> _Problem details_: Please output the data below exactly as given, starting at its first line and stopping after the line that contains "School math quote t-shirt design".

> _The records_:
*** Begin section ***

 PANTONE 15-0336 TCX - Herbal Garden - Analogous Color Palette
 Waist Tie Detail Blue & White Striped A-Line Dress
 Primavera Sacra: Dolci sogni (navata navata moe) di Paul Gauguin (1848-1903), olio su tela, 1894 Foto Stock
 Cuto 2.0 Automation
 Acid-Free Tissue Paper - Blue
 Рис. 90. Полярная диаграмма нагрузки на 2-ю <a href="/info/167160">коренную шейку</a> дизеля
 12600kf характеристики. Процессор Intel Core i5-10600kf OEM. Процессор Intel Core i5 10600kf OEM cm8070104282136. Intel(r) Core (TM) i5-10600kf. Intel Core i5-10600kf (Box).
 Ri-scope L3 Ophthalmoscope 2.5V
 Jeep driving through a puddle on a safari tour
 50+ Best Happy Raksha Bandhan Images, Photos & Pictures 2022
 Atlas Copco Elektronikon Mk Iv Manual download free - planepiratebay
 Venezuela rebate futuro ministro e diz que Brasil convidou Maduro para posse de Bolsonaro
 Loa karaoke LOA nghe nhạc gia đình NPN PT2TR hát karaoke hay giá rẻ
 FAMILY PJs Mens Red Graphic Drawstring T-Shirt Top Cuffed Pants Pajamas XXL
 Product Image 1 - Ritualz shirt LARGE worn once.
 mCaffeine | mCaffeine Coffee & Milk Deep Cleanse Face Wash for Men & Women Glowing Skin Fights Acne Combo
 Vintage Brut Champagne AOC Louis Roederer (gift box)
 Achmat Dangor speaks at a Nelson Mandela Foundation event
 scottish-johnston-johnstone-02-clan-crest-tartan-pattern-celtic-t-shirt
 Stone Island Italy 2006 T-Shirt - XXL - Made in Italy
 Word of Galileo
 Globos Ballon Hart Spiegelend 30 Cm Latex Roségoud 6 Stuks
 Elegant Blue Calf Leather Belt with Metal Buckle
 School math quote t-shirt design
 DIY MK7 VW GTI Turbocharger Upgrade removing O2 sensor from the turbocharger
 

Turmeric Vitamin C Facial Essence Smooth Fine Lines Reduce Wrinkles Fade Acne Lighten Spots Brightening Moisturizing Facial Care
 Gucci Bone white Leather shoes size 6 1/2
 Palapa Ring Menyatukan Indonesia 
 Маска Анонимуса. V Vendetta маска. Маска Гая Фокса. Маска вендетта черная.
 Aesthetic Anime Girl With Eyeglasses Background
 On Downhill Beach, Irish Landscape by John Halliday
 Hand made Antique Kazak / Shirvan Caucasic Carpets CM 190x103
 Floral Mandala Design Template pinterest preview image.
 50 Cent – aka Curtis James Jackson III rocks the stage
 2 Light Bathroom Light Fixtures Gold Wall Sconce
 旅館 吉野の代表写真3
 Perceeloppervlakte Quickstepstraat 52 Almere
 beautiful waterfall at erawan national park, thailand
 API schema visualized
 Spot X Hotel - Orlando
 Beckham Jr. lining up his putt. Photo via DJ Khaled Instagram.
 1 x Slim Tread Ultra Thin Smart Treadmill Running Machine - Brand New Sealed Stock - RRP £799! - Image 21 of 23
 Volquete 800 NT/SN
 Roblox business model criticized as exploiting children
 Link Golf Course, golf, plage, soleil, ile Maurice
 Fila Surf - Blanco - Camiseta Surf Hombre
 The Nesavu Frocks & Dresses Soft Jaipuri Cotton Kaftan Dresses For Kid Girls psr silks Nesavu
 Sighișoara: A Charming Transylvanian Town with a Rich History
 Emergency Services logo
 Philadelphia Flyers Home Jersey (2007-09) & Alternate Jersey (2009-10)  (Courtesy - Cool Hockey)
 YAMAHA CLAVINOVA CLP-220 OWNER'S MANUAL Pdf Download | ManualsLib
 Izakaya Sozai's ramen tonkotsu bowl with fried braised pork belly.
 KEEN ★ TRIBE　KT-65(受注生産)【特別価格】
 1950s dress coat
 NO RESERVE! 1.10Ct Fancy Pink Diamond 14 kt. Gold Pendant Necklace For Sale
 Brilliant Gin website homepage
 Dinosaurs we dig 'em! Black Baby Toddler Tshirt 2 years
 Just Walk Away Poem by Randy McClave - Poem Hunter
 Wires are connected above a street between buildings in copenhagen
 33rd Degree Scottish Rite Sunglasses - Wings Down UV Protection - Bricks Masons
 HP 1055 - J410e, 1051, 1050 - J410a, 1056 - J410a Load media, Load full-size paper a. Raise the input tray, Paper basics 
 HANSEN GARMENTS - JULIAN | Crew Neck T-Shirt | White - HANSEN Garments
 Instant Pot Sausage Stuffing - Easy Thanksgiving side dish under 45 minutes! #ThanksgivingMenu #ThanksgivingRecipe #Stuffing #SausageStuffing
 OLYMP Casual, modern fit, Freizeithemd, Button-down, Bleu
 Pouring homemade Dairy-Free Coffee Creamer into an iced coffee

*** End section ***

> _Reply_:
 PANTONE 15-0336 TCX - Herbal Garden - Analogous Color Palette
 Waist Tie Detail Blue & White Striped A-Line Dress
 Primavera Sacra: Dolci sogni (navata navata moe) di Paul Gauguin (1848-1903), olio su tela, 1894 Foto Stock
 Cuto 2.0 Automation
 Acid-Free Tissue Paper - Blue
 Рис. 90. Полярная диаграмма нагрузки на 2-ю <a href="/info/167160">коренную шейку</a> дизеля
 12600kf характеристики. Процессор Intel Core i5-10600kf OEM. Процессор Intel Core i5 10600kf OEM cm8070104282136. Intel(r) Core (TM) i5-10600kf. Intel Core i5-10600kf (Box).
 Ri-scope L3 Ophthalmoscope 2.5V
 Jeep driving through a puddle on a safari tour
 50+ Best Happy Raksha Bandhan Images, Photos & Pictures 2022
 Atlas Copco Elektronikon Mk Iv Manual download free - planepiratebay
 Venezuela rebate futuro ministro e diz que Brasil convidou Maduro para posse de Bolsonaro
 Loa karaoke LOA nghe nhạc gia đình NPN PT2TR hát karaoke hay giá rẻ
 FAMILY PJs Mens Red Graphic Drawstring T-Shirt Top Cuffed Pants Pajamas XXL
 Product Image 1 - Ritualz shirt LARGE worn once.
 mCaffeine | mCaffeine Coffee & Milk Deep Cleanse Face Wash for Men & Women Glowing Skin Fights Acne Combo
 Vintage Brut Champagne AOC Louis Roederer (gift box)
 Achmat Dangor speaks at a Nelson Mandela Foundation event
 scottish-johnston-johnstone-02-clan-crest-tartan-pattern-celtic-t-shirt
 Stone Island Italy 2006 T-Shirt - XXL - Made in Italy
 Word of Galileo
 Globos Ballon Hart Spiegelend 30 Cm Latex Roségoud 6 Stuks
 Elegant Blue Calf Leather Belt with Metal Buckle
 School math quote t-shirt design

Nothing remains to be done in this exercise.